→ **Available data**
::::::::::
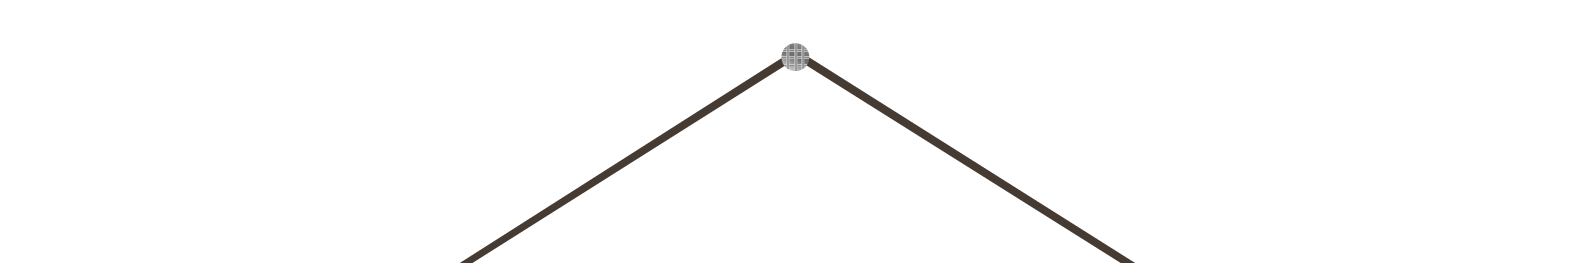 frame-wire-pin
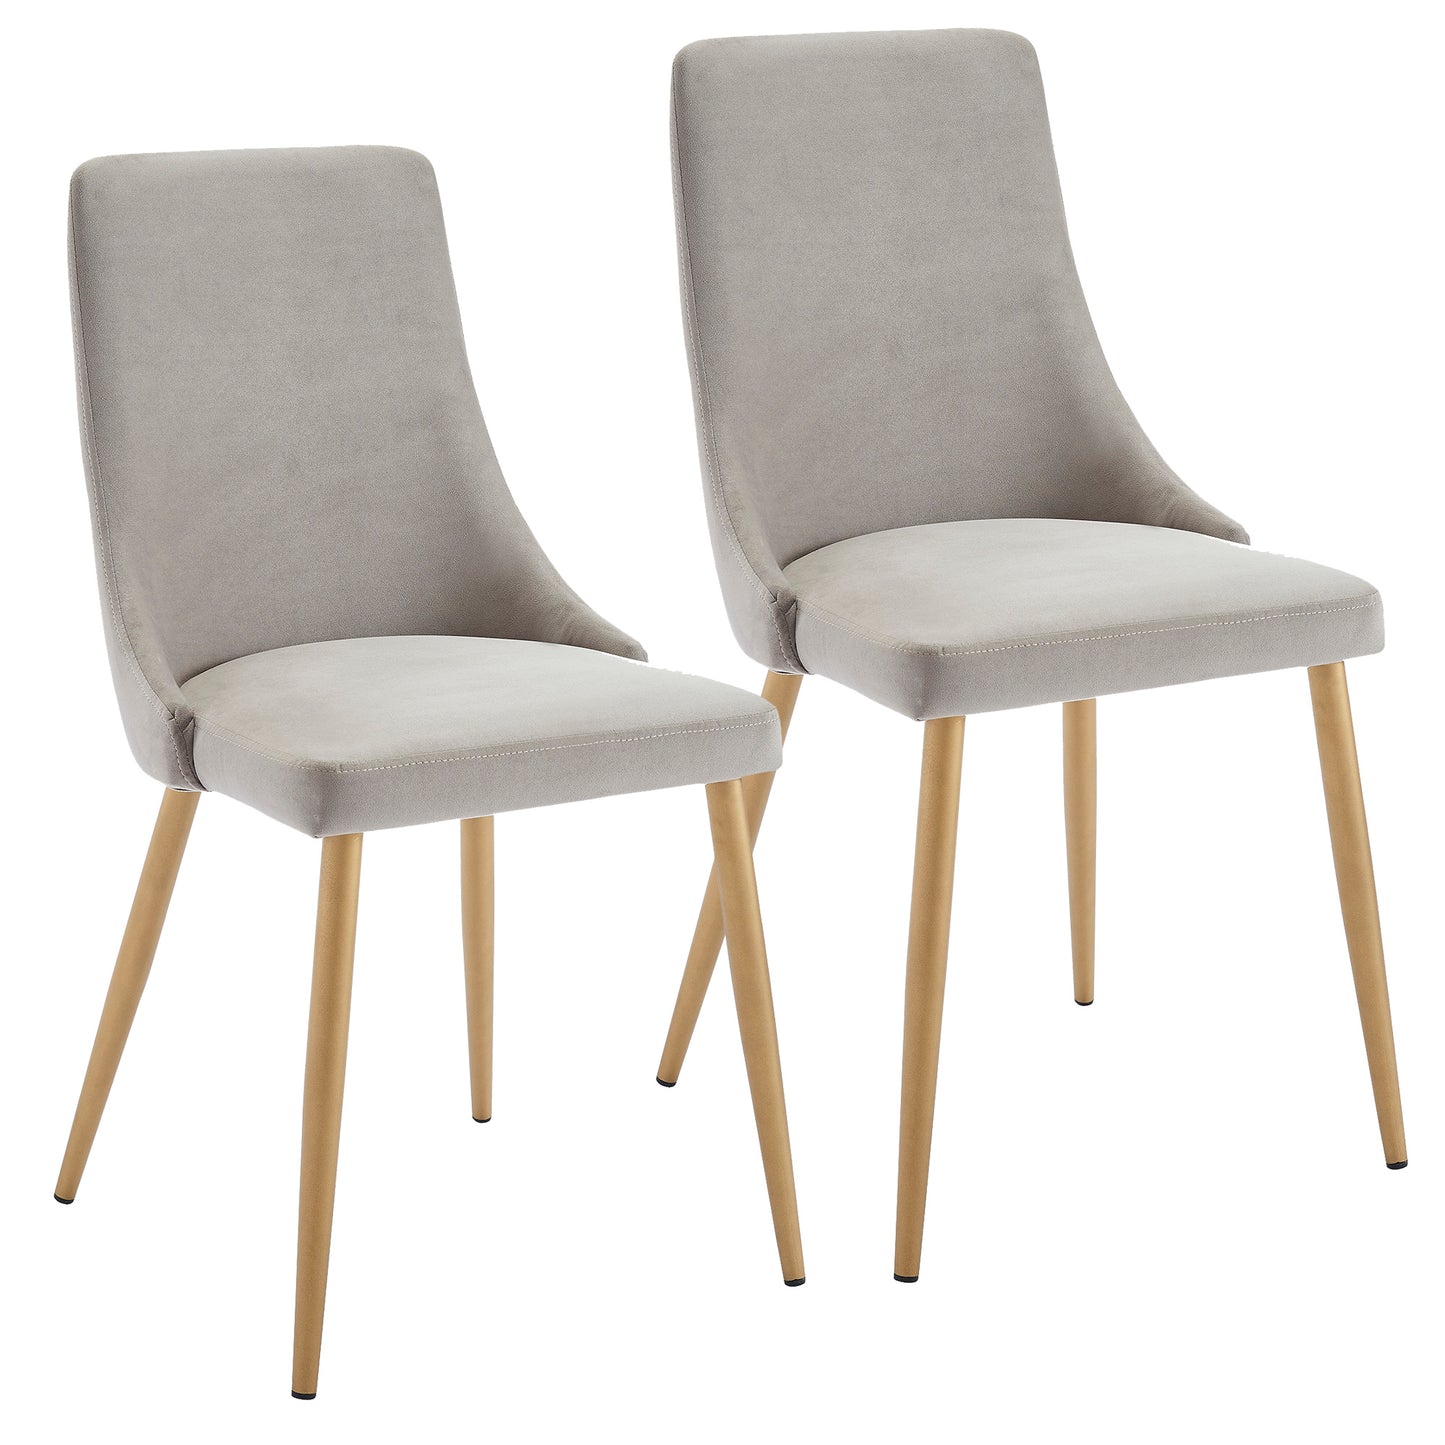 (CARMILLA GREY- 2 PACK)- FABRIC- DINING CHAIRS- SUPPLIER CLEARANCE
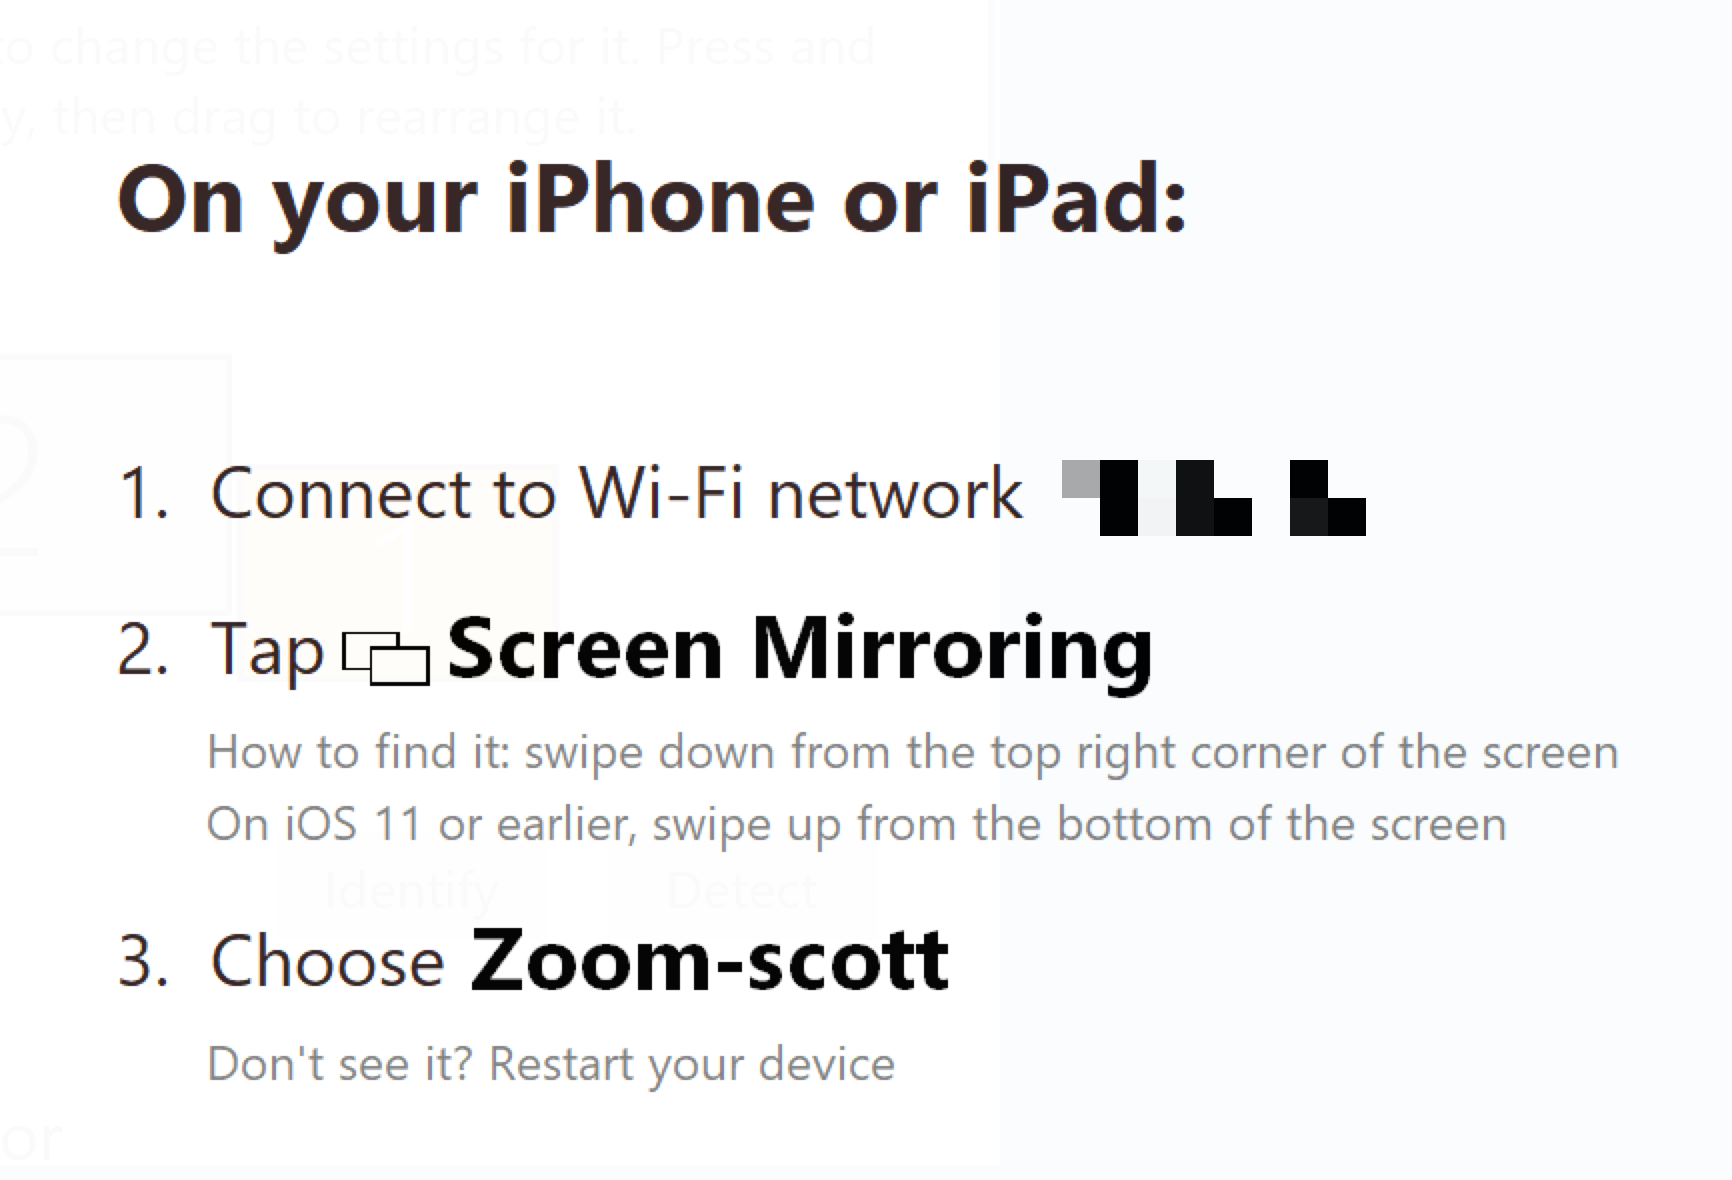 Instructions: On your iPhone or iPad: 1. Connect to Wi-Fi network. 2 Tap Screen Mirroring. (How to find it: swipe down from the top right corner of the screen. On iOS11 or earlier, swipe up from the bottom of the screen.)3. Choose Zoom-scott. (Don't see it? Restart your Device.)
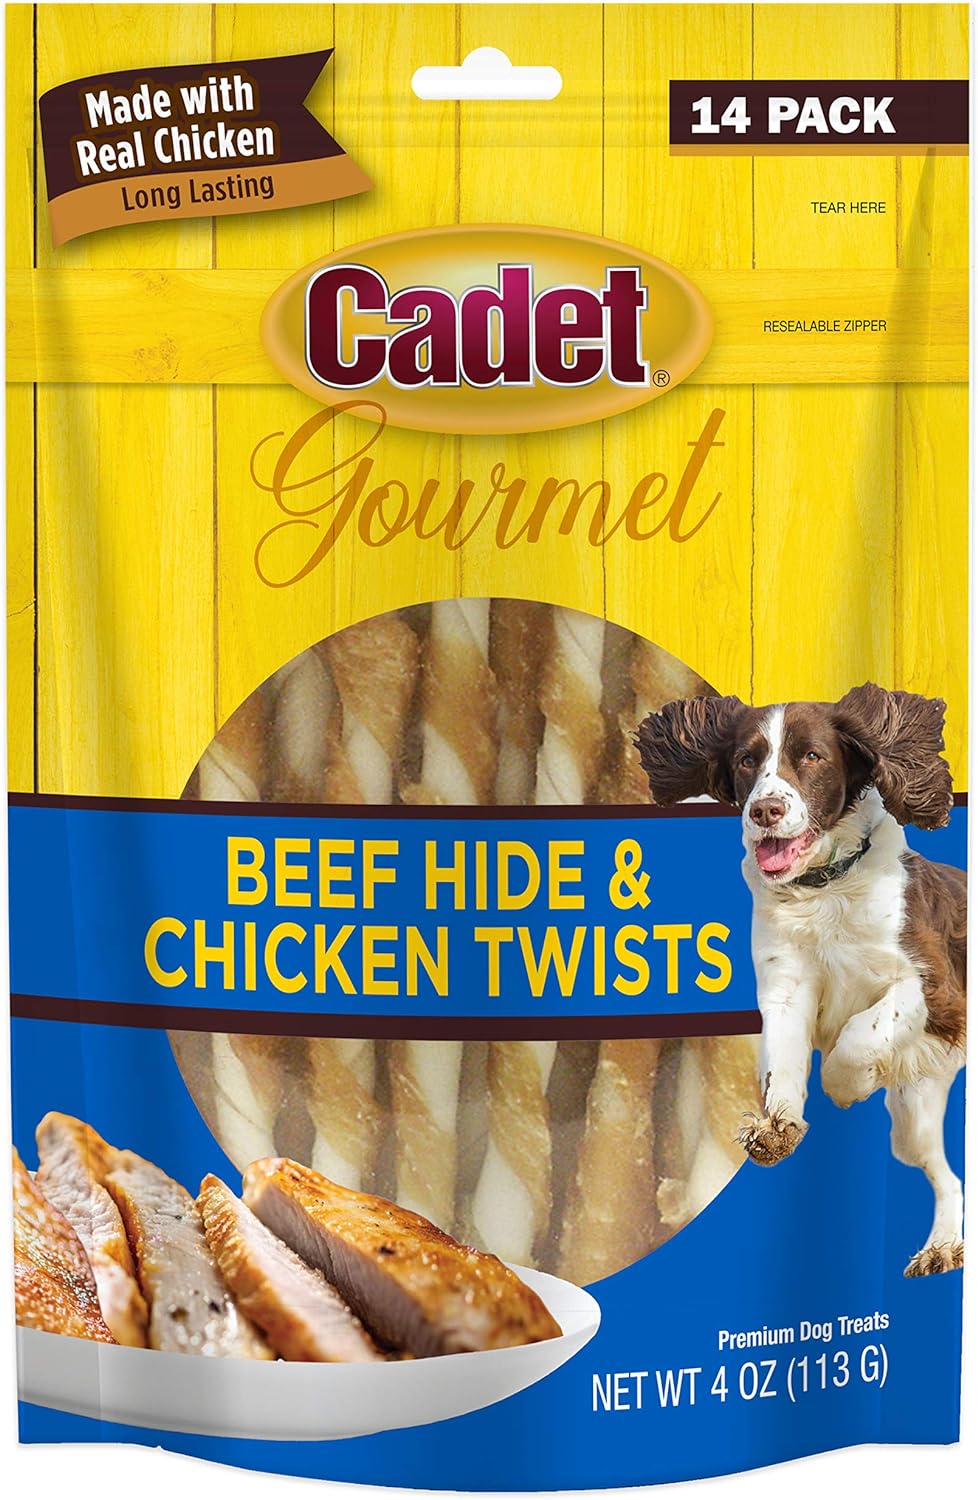 Cadet Gourmet Beef Hide & Chicken Twists Dog Treats - Healthy & Natural Rawhide & Chicken Dog Treats for Small & Large Dogs - Inspected & Tested in USA, 5 In. (14 Count)
::::::::::
→ **Instructions to follow**
Your answer must be only the lines from the one that holds "(CARMILLA GREY- 2" to the end of the listing, each restated word for word, with both ends kept and pictures left out.

→ **Solution for this task**
 (CARMILLA GREY- 2 PACK)- FABRIC- DINING CHAIRS- SUPPLIER CLEARANCE
 Instructions: On your iPhone or iPad: 1. Connect to Wi-Fi network. 2 Tap Screen Mirroring. (How to find it: swipe down from the top right corner of the screen. On iOS11 or earlier, swipe up from the bottom of the screen.)3. Choose Zoom-scott. (Don't see it? Restart your Device.)
 Cadet Gourmet Beef Hide & Chicken Twists Dog Treats - Healthy & Natural Rawhide & Chicken Dog Treats for Small & Large Dogs - Inspected & Tested in USA, 5 In. (14 Count)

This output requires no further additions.